In the case sub judice, the trial court erred in failing to make adequate findings of fact as to the reasonable needs of the child for support, the earning capacity, or incomes of the parties, the relative ability of each parent to pay support, and the child care and homemaker contributions of the plaintiff.

Plaintiff next alleges that the trial court abused its discretion in failing to order the defendant to pay any child support. “Support set consistent with the guidelines is conclusively presumed to be in such amount as to meet the reasonable needs of the child for health, education, and maintenance.” Id. A variation from the guidelines will be reviewed on an abuse of discretion standard. Absent evidence compelling a different award than that ordered, the trial court’s weighing of its findings giving basis for its award will be respected so long as the record contains evidence sufficient to allow those findings. Without more adequate findings of fact as to the basis for the amount ordered, we cannot rule on this allegation of error.

[4] Plaintiff finally contends that the trial court erred in denying her request for attorneys fees and in failing to make findings of fact or conclusions of law to support the denial. The applicable statute, N.C.G.S. § 50-13.6, provides:

In an action or proceeding for the custody or support, or both, of a minor child . . . the court may in its discretion order payment of reasonable attorney’s fees to an interested party acting in good faith who has insufficient means to defray the expense of the suit. Before ordering payment of a fee in a support action, the court must find as a fact that the party ordered to furnish support has refused to provide support *620which is adequate under the circumstances existing at the time of the institution of the action or proceeding; provided however, should the court find as a fact that the supporting party has initiated a frivolous action or proceeding the court may order payment of reasonable attorney’s fees to an interested party as deemed appropriate under the circumstances.

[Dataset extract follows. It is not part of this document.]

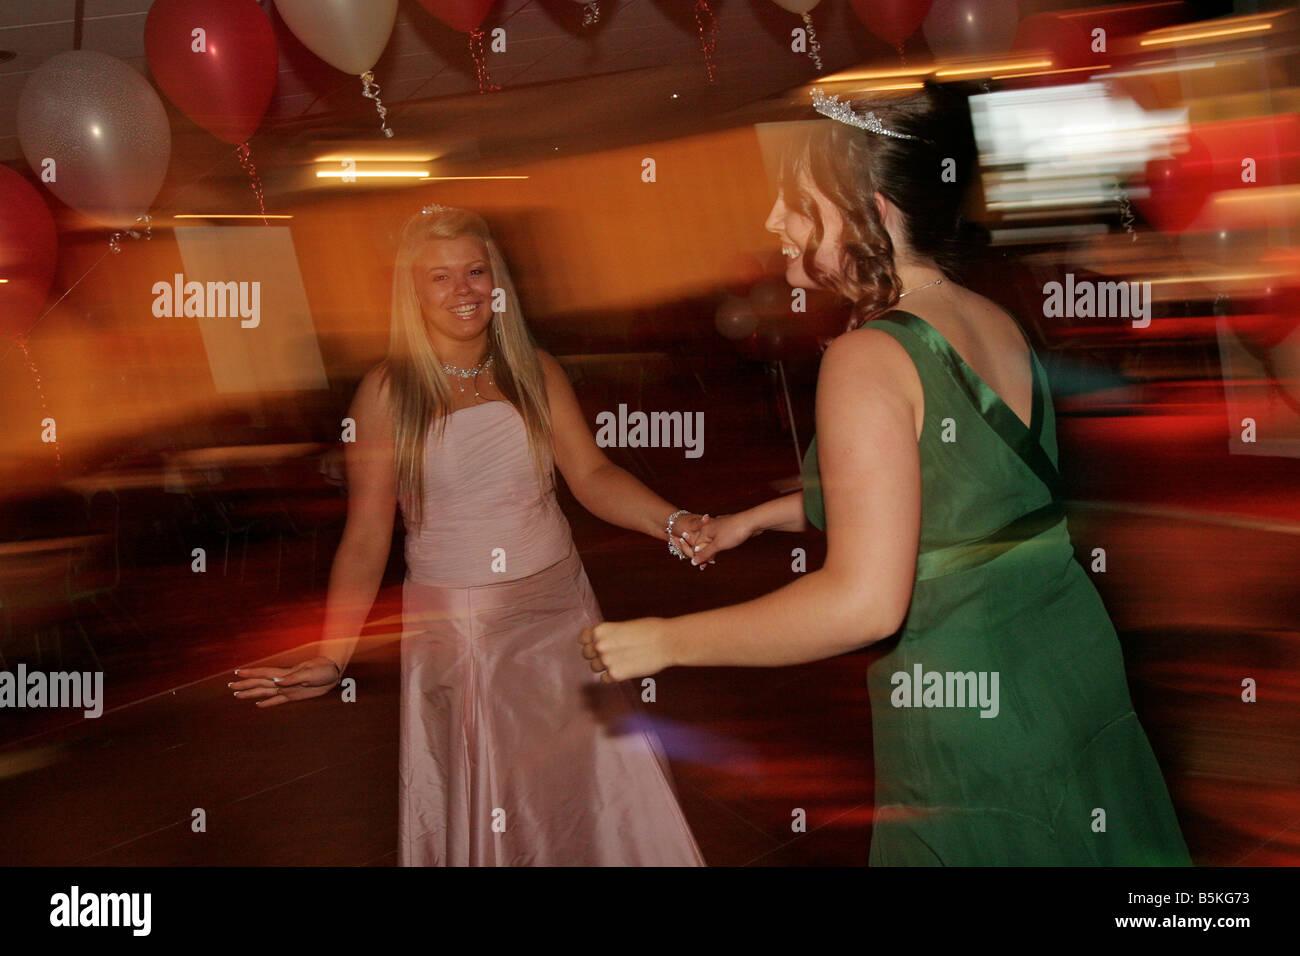 Teenage girls dancing at their High School Prom at Southampton Football Club, England - Stock Image

“In a custody and support action, once the statutory requirements of Section 50-13.6 have been met, whether to award attorney’s fees and in what amounts is within the sound discretion of the trial judge and is only reviewable based on an abuse of discretion.” Savani v. Savani, 102 N.C. App. 496, 505, 403 S.E.2d 900, 905-06 (1991). Where an award of attorney’s fees is granted, it “must contain a finding or findings upon which a determination of the reasonableness of the award can be based, such as the nature and scope of the legal services rendered, the time and skill required, and the attorney’s hourly rate in comparison to the customary charges of attorneys practicing in that general area.” Weaver v. Weaver, 88 N.C. App. 634, 641, 364 S.E.2d 706, 711, cert. denied, 322 N.C. 330, 368 S.E.2d 875 (1988). Where an award of attorney’s fees is prayed for, but denied, the trial court must provide adequate findings of fact for this Court to review its decision. In the case sub judice, the trial court made no such findings; it only ordered that the request was denied. The trial court committed error in failing to make adequate findings of fact to support its denial of attorney’s fees.

We hold that the order of the trial court denying child support is vacated and the case remanded for findings of facts consistent with this opinion.

Vacated and remanded.

Chief Judge ARNOLD and Judge MARTIN concur.